Since there were no net consumption of H2S, together with a large excess of H2 in the typical hydrotreatment reactions, Eqns. 33 and 35 must be quasi-equilibrated. Therefore, at a constant temperature, the surface abundances of Run+-(Hδ−)-S2−-(Hδ+) and Run+-(SH2)-S2− only depend on \({({f}_{{H}_{2}S})}^{\alpha }{({f}_{{H}_{2}})}^{\beta }\), regardless of the reaction that they participate in:

$${\text{Ru}}^{{{\text{n}} + }} - ({\text{SH}}_{{2}} ) - {\text{S}}^{{{2} - }} + {\text{ H}}_{{2}} \, \rightleftharpoons \, {\text{Ru}}^{{{\text{n}} + }} - ({\text{H}}^{\delta - } ) - {\text{S}}^{{{2} - }} - ({\text{H}}^{\delta + } ) \, + {\text{ H}}_{{2}} {\text{S}}$$
(37)
$$\frac{{a_{{Ru^{n + } { - }\left( {H^{\delta - } } \right){ - }S^{2 - } { - }\left( {H^{\delta + } } \right)}} }}{{a_{{Ru^{n + } { - }\left( {SH_{2} } \right){ - }S^{2 - } }} }} = K_{{H_{2} S - H_{2} ,RuS_{x} }} \frac{{f_{{H_{2} }} }}{{f_{{H_{2} S}} }}$$
(38)

Bader charge analysis carried out on the various reactive hydrogen species, provided in Scheme 1b, has shown that the S2−-(Hδ+) and Run+-(SH2) species exhibit slightly positive charge and Ru4+-(Hδ−) slightly negative charge (Scheme 1b-i).

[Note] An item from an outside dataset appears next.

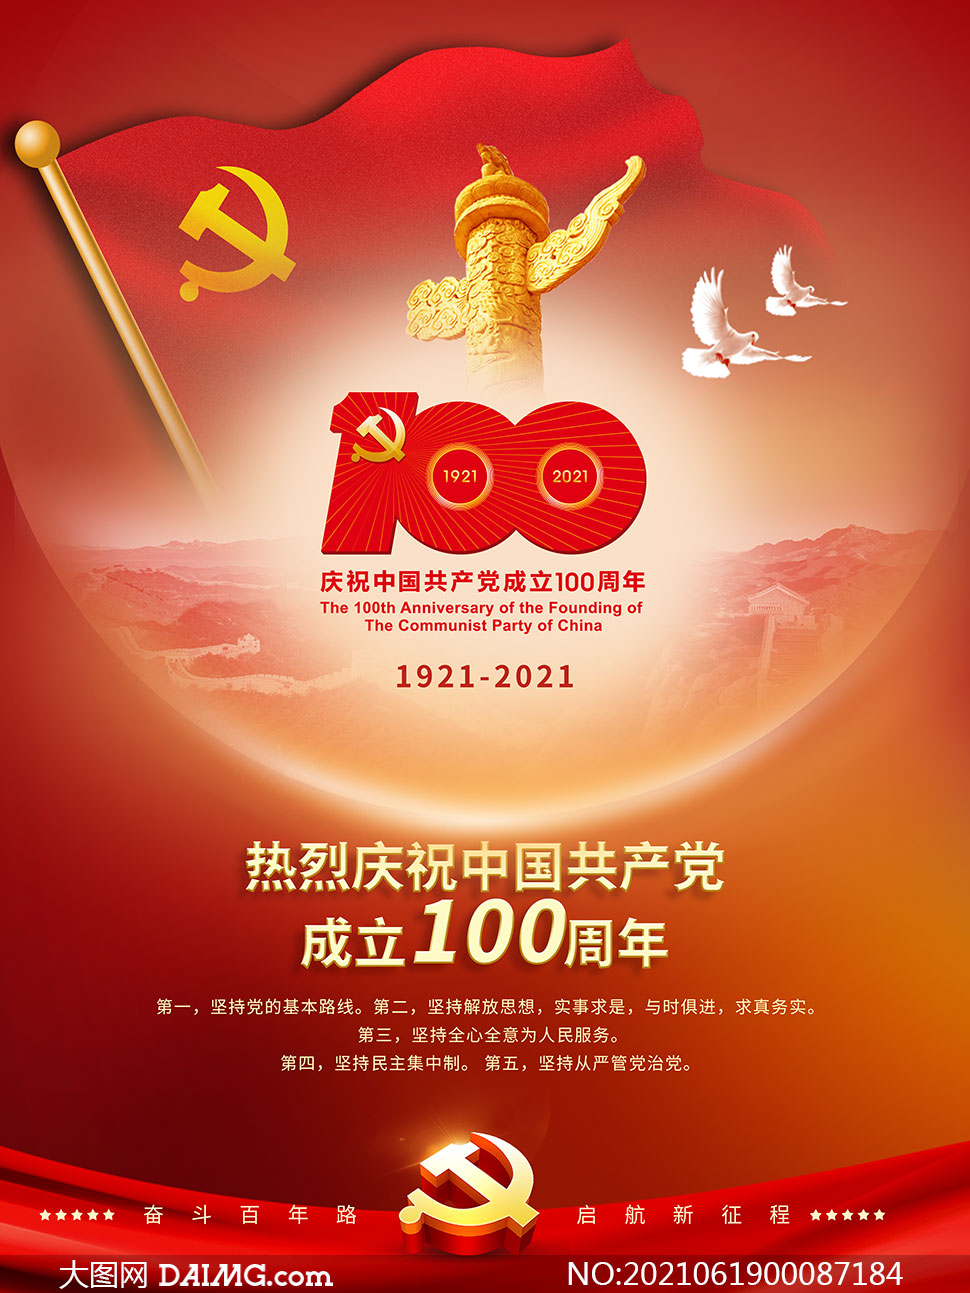 庆祝建党100周年主题活动海报psd素材

These different types of reactive hydrogen acquire different catalytic roles in the sequential hydrogen attack reactions on the N-heteroarenes.

Schemes 3a–i and a-ii show the measured turnover rates of pyridine and pyrrole hydrogenation, respectively [573 K, 1.5 MPa (1.8–13.5 kPa H2S, 510–1250 kPa H2, 4.5–15.0 kPa pyridine/pyrrole) and 4.5 × 10–2 m3 h−1 g−1 gas hourly space velocity]. The non-linear regression of these turnover rates in Scheme 3a–i (or Scheme 3a–ii) with Eq. 39 (or Eq. 40) gives the effective reaction orders of H2, H2S, and pyridine/pyrrole (denoted as αj, βj, and γj, respectively; subscript j = PYR or PYL, which represents pyridine or pyrrole, respectively).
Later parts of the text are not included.